TIME: 9h50 - 10h10
COFFEE and CROISSANT
TIME: 10h10 - 10h15
Introduction
TIME: 10h15 - 11h10 (45 + 10 mins)
SPEAKER: Matteo Viel (SISSA)
TITLE: Probing the Universe with Hydrogen
ABSTRACT: I will review the role of atomic Hydrogen as a tracer of the structure formation processes from high to low redshift, in the post-reionization era. I will try to address some fundamental questions like: can we probe dark matter nature and neutrino masses? can we constrain the geometry and dynamics of our Universe using this tracer? is there evidence of new physics beyond the standard cosmological model? can we test General Relativity? Moreover, I will address the most important astrophysical nuisances that could impact such measurements.
TIME: 11h10 - 11h20
COFFEE BREAK
TIME: 11h20 - 12h15 (45 + 10 mins)
SPEAKER: Julien Carron (University of Geneva)

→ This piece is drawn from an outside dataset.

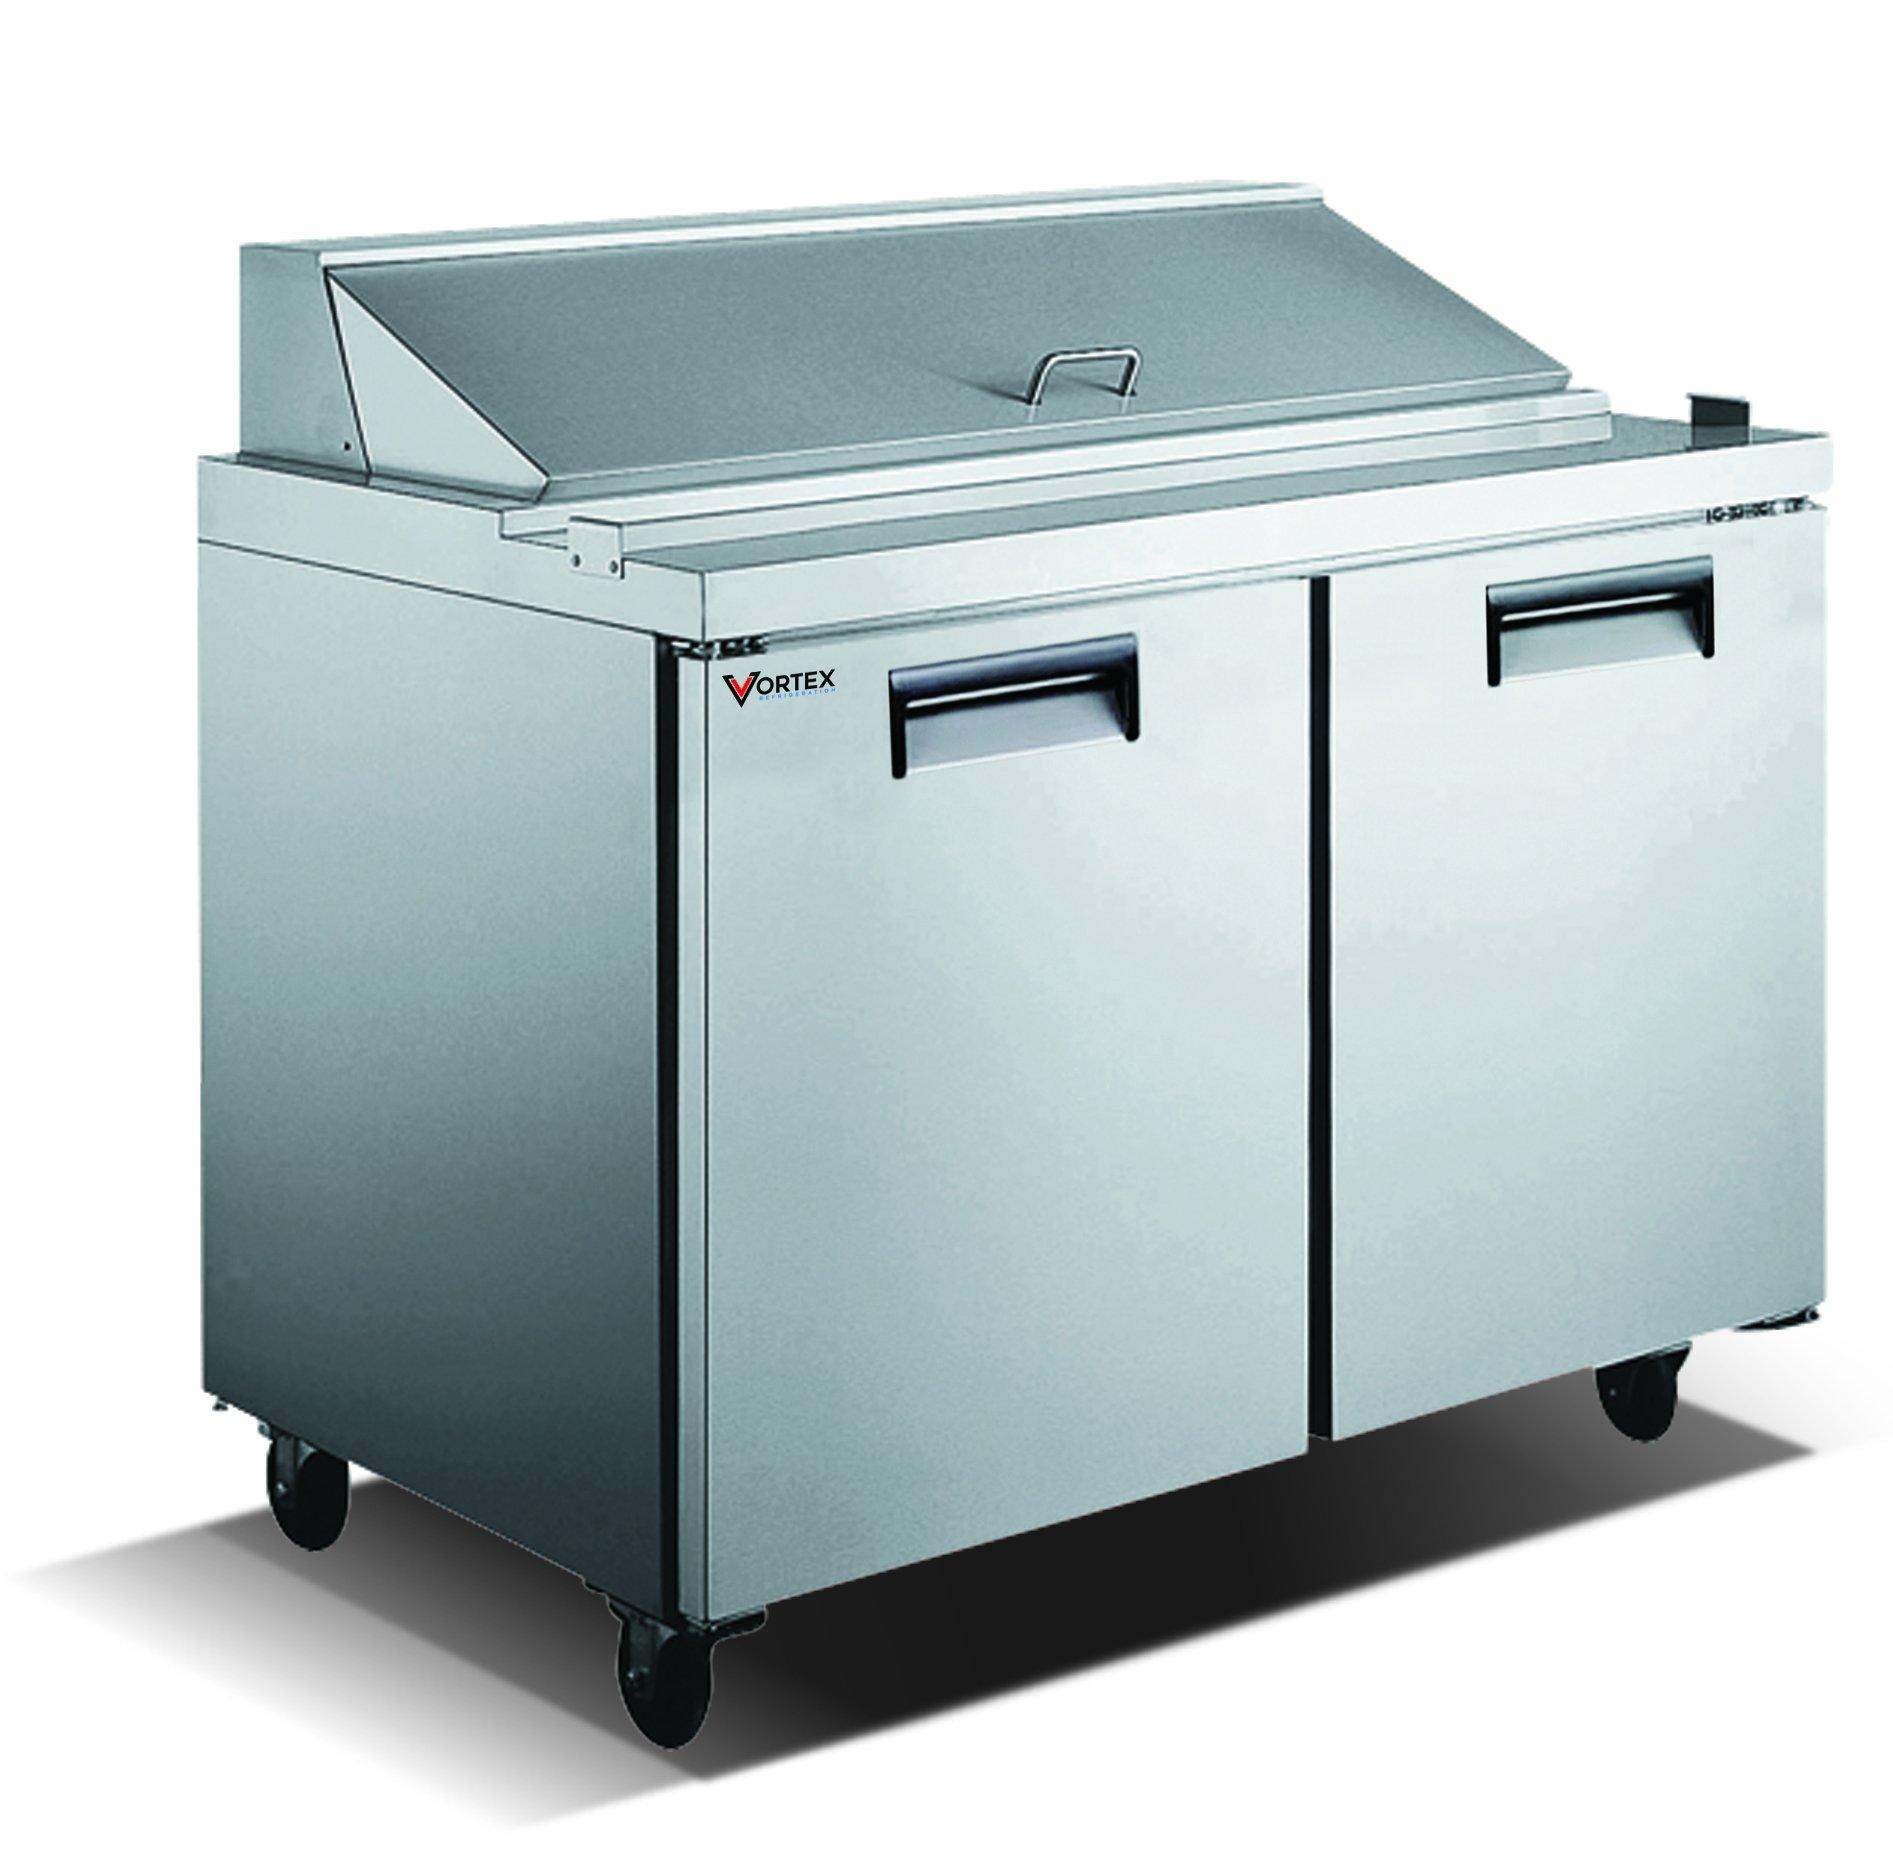 Vortex Refrigeration Commercial 2 Door 60'', 16 Pan Sandwich Prep Table - 15 Cu. Ft.

TITLE: CMB (de-)lensing, towards a key cosmological probe
ABSTRACT: Precise extraction of the gravitational lensing signal from the Cosmic Microwave Background is forecast to play a key role for several fundamental physics targets of cosmological observations in the next decade. This includes best constraints on 1) the primordial gravitational wave background, or 2) the measurement of the neutrino mass scale. In the first part of my talk, I will first go through the latest results and challenges in CMB lensing. I will then discuss novel lensing measurement techniques of higher fidelity based on the CMB polarization which we are developing and how they can meet these two targets.
TIME: 12h15 - 12h30
COFFEE BREAK
TIME: 12h30 - 13h30 (35 + 25 mins)
SPEAKER: Francois Lanusse (CEA Saclay)
TITLE: Merging deep learning with physical models for the analysis of modern cosmological surveys
ABSTRACT: As we move towards the next generation of cosmological surveys, our field is facing new and outstanding challenges at all levels of scientific analysis, from pixel-level data reduction to cosmological inference. As powerful as Deep Learning (DL) has proven to be in recent years, in most cases a DL approach alone proves to be insufficient to meet these challenges, and is typically plagued by issues including robustness to covariate shifts, interpretability, and proper uncertainty quantification, impeding their exploitation in scientific analysis. In this talk, I will instead advocate for a unified approach merging the robustness and interpretability of physical models, the proper uncertainty quantification provided by a Bayesian framework, and the inference methodologies and computational frameworks brought about by the Deep Learning revolution. In particular, we will see how deep generative models can be embedded within principled physical Bayesian modeling, for instance, to enable Simulation-Based Inference (bypassing the need for analytic likelihoods), or to solve a number of astronomical ill-posed inverse problems ranging from simple image denoising all the way to inferring the distribution of dark matter in the Universe. I will also highlight the power of automatic differentiation frameworks for physical modeling, with applications ranging from fully differentiable N-body simulations to greatly accelerating cosmological posterior inference with Hamiltonian Monte-Carlo.